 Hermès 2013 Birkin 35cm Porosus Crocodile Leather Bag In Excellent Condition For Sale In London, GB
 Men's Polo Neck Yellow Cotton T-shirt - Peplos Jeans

--

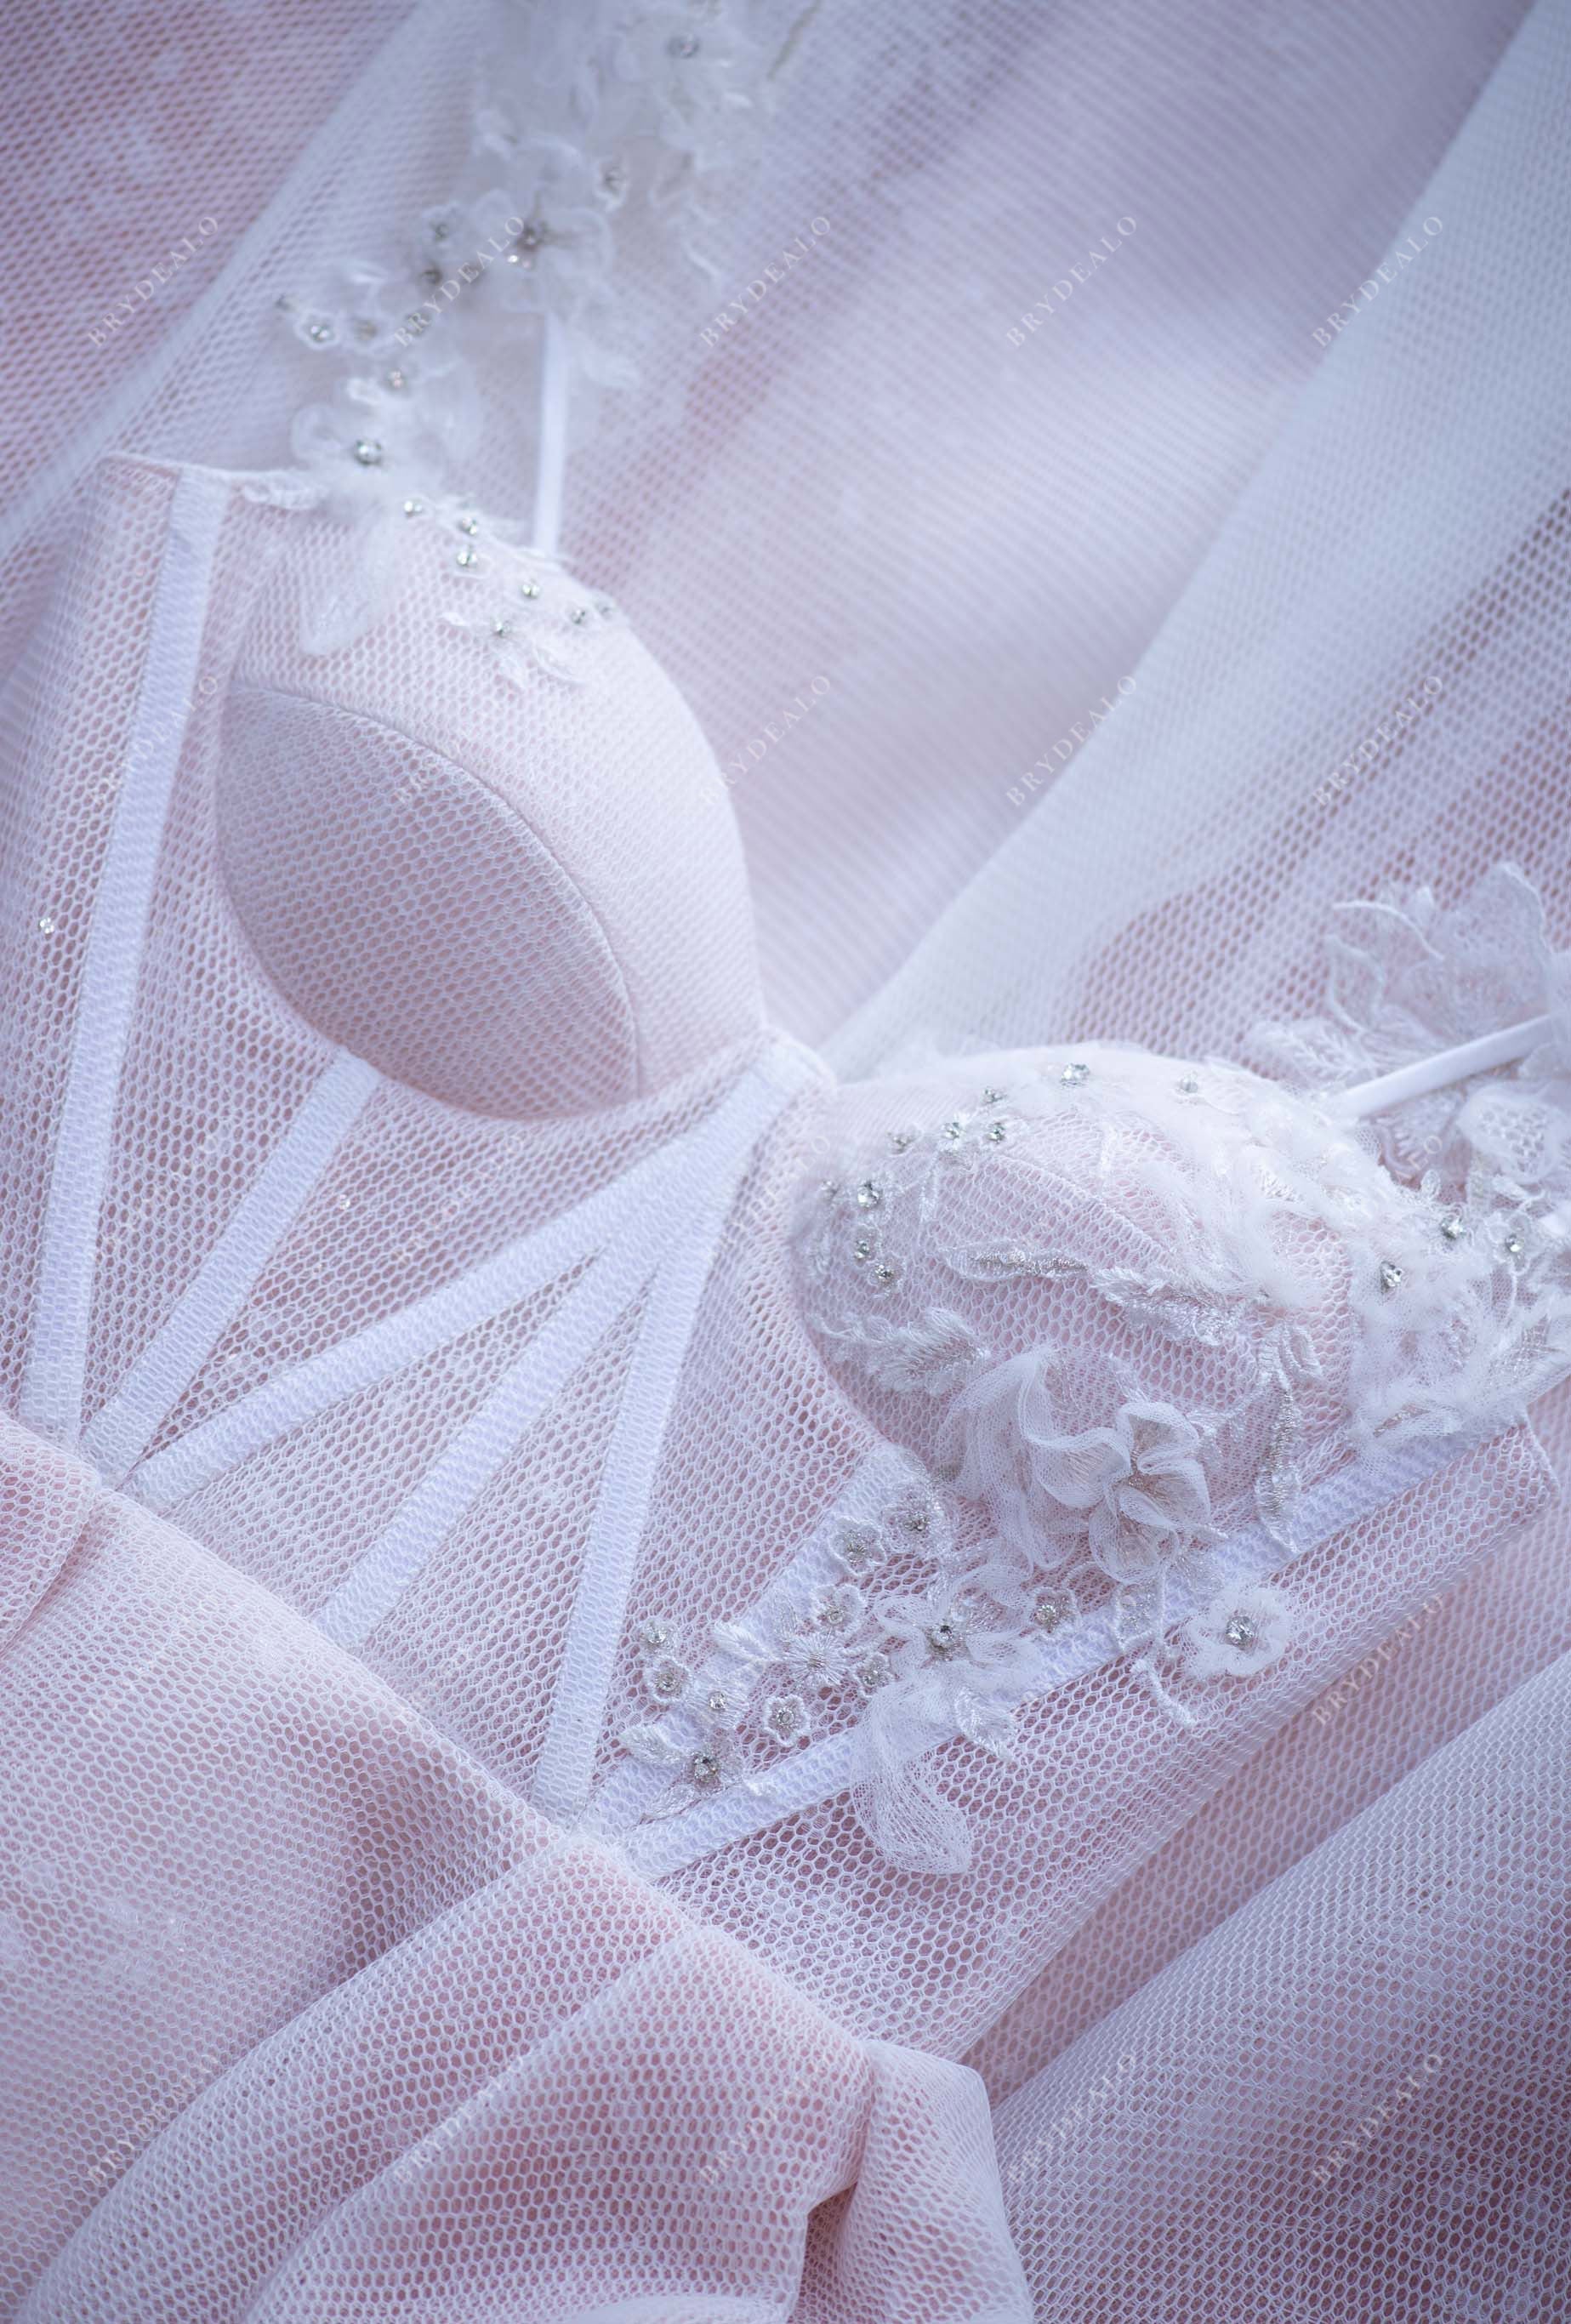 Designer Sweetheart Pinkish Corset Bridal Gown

==

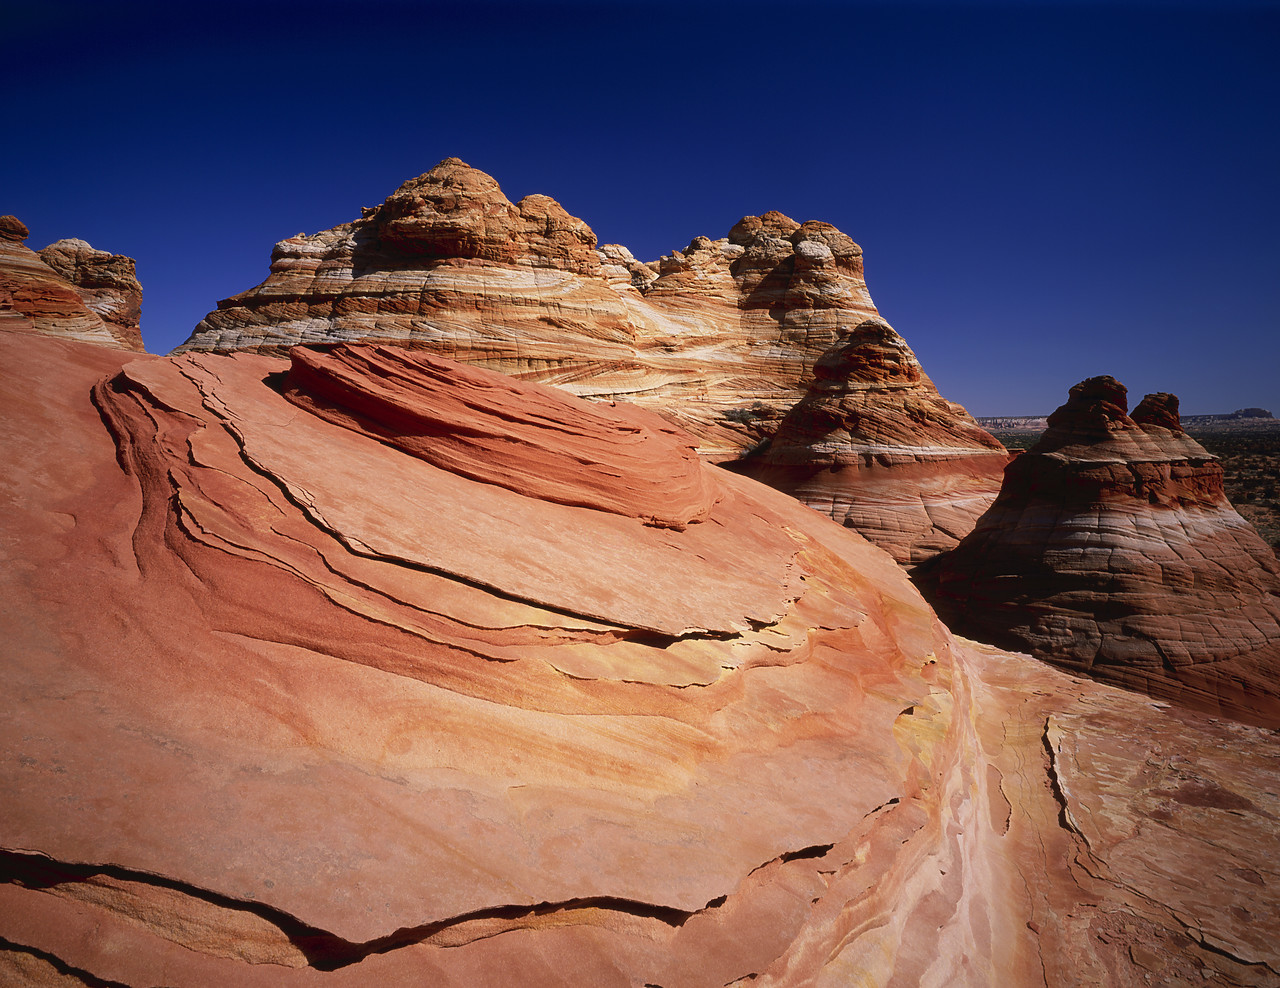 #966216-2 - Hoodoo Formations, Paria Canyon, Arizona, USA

• EXERCISE DETAILS: Could you restate, word for word, the lines above from the one with "Hermès 2013 Birkin" to the one with "Men's Polo Neck", both included?

• WRITTEN SOLUTION:
 Hermès 2013 Birkin 35cm Porosus Crocodile Leather Bag In Excellent Condition For Sale In London, GB
 Men's Polo Neck Yellow Cotton T-shirt - Peplos Jeans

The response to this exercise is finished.